- Directed by: Johanna Kern
- Written by: Johanna Kern
- Based on: Frank, Big Baba and Forty Thieves
- Produced by: Johanna Kern
- Production companies: After Rain Films Film Factory Studio
- Release date: September 4, 2012;
- Country: Canada
- Language: English

= Shadowland: The Legend =

Shadowland: The Legend, also known as Shadowland, The Legend, is a 2012 Canadian independent fantasy family film. The film is based on a stage production Frank, Big Baba and Forty Thieves, written, directed and produced by Johanna Kern, who later adapted the story for the screen, as well as directed and produced it under After Rain Films banner in association with Factory Film Studio.

== Plot ==
Frank (Nathan Pidgeon) and his sister Caroline (Agnes Podbielska) accidentally get transported to mythical Attic Town in a world of mystery, adventure and intrigue: Shadowland.
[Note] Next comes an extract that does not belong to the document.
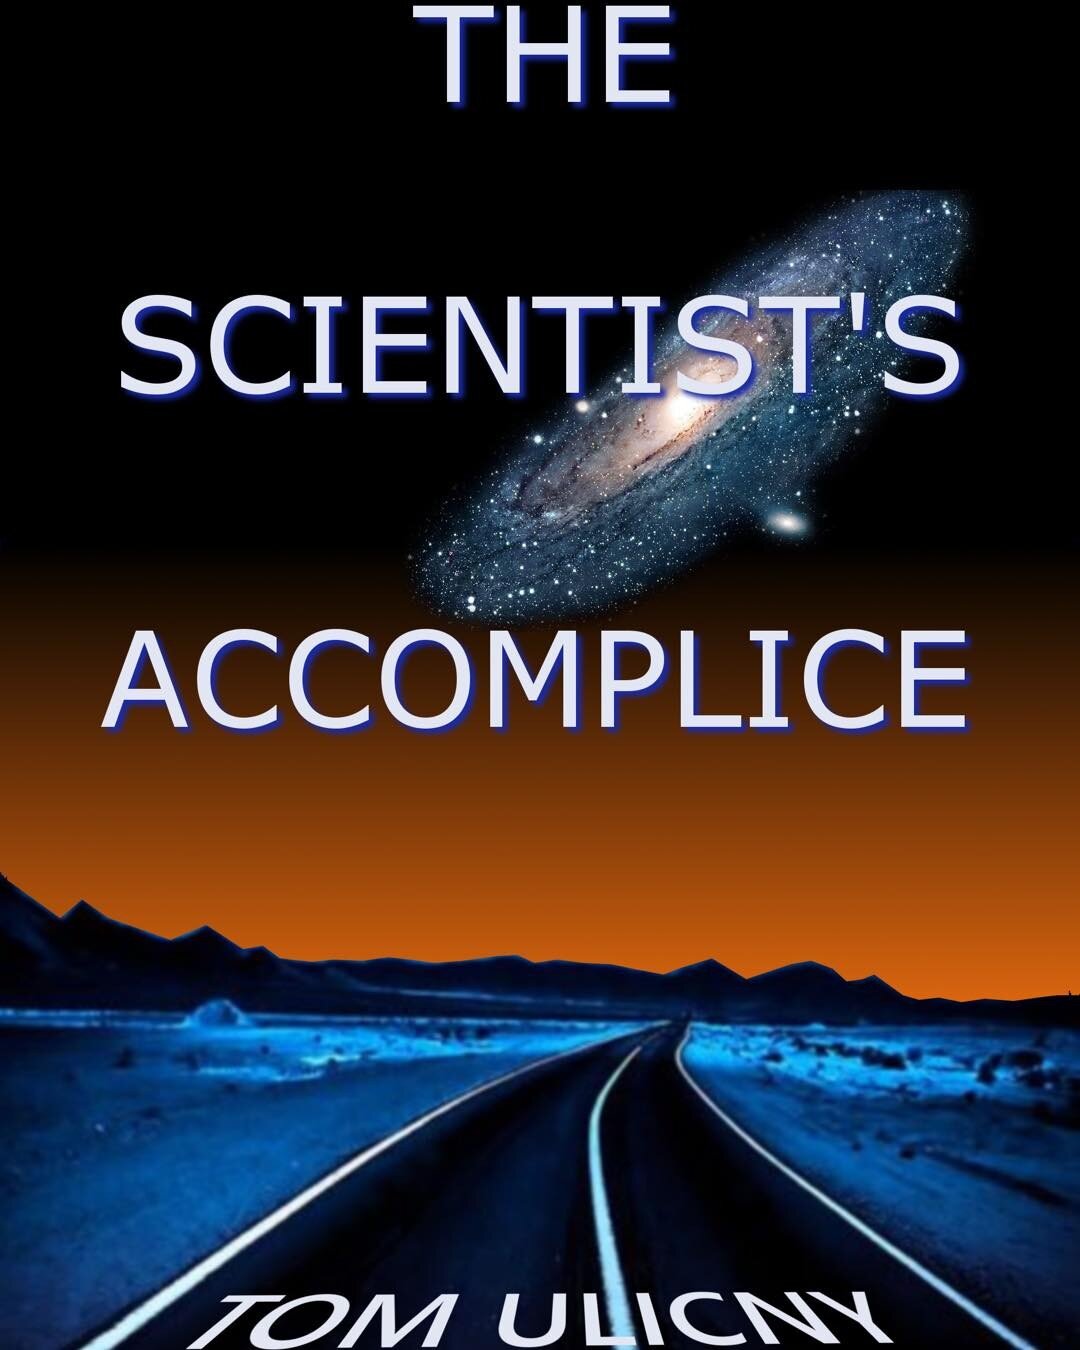 Hey, Free ebook promo for The Scientist's Accomplice starts Friday the 27th. Runs thru Monday. Check it out on my Amazon book page or link to it via www.tomulicny.com. Be sure to leave a review on Amazon if you can. Thanks!

The land is ruled and robbed by The Great Syndicate and, while scary Shadows kidnap anyone who is out after dark, the Patrolling Thieves make the daylight miserable for everyone. Not realizing that they shifted in space and time, the siblings split, while looking for directions. Frank meets Donlore (Andrew Guy), a young Patrolling Thief, and trusts this shadowy figure despite his first instincts. Caroline finds herself on a farm outside of town. She soon sets on a journey to find her brother and help him realize his mistake. She has to find him before dark. When the night falls, he will remain one of the dark rulers forever and there will be no way back. In the meantime, the underground opposition of Attic Town begins to revolt.

== Production ==
Shadowland: The Legend was shot under a working title Frank, Big Baba and Forty Thieves. With its visual effects, and a large cast of hundreds of actors, young performers, professional martial artists and extras, the film has become an unusually big production for an independent film in the fantasy / family genre. The Shadows were played by dozens of high-profile martial artists, including members of the Canadian martial artist team. The film took several years in post-production, due to extensive financial problems and Visual Effects that took 4 and a half years to complete.

== Music ==

Over 80 minutes of the original score for the film was written by Romuald Lipko who has written numerous hit songs for many famous European pop stars and is also the famous leading composer for the Polish music band Budka Suflera, that has been topping the music charts for over 30 years. In creating the music for "Shadowland: The Legend", two other associate composers participated, also members of "Budka Suflera": Piotr Kominek and Lukasz Pilch.
One of the musical pieces written by Romuald Lipko became the film’s main theme song, titled also “Shadowland: The Legend”. Johanna Kern wrote the lyrics, and Lukasz Pilch performed and recorded the song. The song quickly hit many English and French language radio stations across Canada, and is also available worldwide on iTunes in the POP MUSIC section.

== Cast ==

The film’s cast members are all Canadian talent, including first-timers as well as seasoned actors. Nathan Pidgeon (Frank) and Agnes Podbielska (Caroline, Frank’s sister) are both first-timers to film. Donlore, a Patrolling Thief who takes young Frank under his wing, is played by seasoned actor Andrew Guy, who has had roles in a number of feature films including The Rhino Brothers, Cooler Climate, Man with a Gun, Kissed and Intersection (with Richard Gere), as well as notable television guest appearances on Sliders, Highlander and others.
The film also stars Mark Whelan (Revil), who is the face of the Sleeman™ franchise.
Vieslav Krystyan plays the role of Centres, leader of the underground opposition. Krystyan, a seasoned actor, performed in numerous feature films and TV series including Fugitive Pieces, 54, Darkman III, Nikita, The Shrine, Soul Food, Relic Hunter, PSI Factor: Chronicles of the Paranormal, Kung Fu: The Legend Continues among others.

== Distribution ==

"Shadowland: The Legend" was picked up for Canadian distribution by Entertainment One and is represented worldwide by Princ Films and Factory Film Studio (Sales Agencies). The film was first released across Canada on September 4, 2012 as VOD on Rogers, Shaw Cable, Sasktel, MTS, Google Play and iTunes. The USA release date: July 23, 2013 on iTunes, Amazon, Google Play, Hulu, Fandor and Big Start.

== News ==

Johanna Kern and After Rain Films went on to producing and releasing a reality style series, "Shadowland: The Legend - Making Of" – shot behind the scenes on the film’s set and edited for online viewers. Together with the British author Roy Fitzimmonds, Johanna Kern wrote a novel based on her film "Shadowland: The Legend". The novel was published in the U.S.A. by Humans Of Planet Earth Association and received two awards: runner up at the San Francisco Book Festival 2013 and honorable mention at the New York Book Festival 2013. The paperback edition became available worldwide via Amazon and other retailers.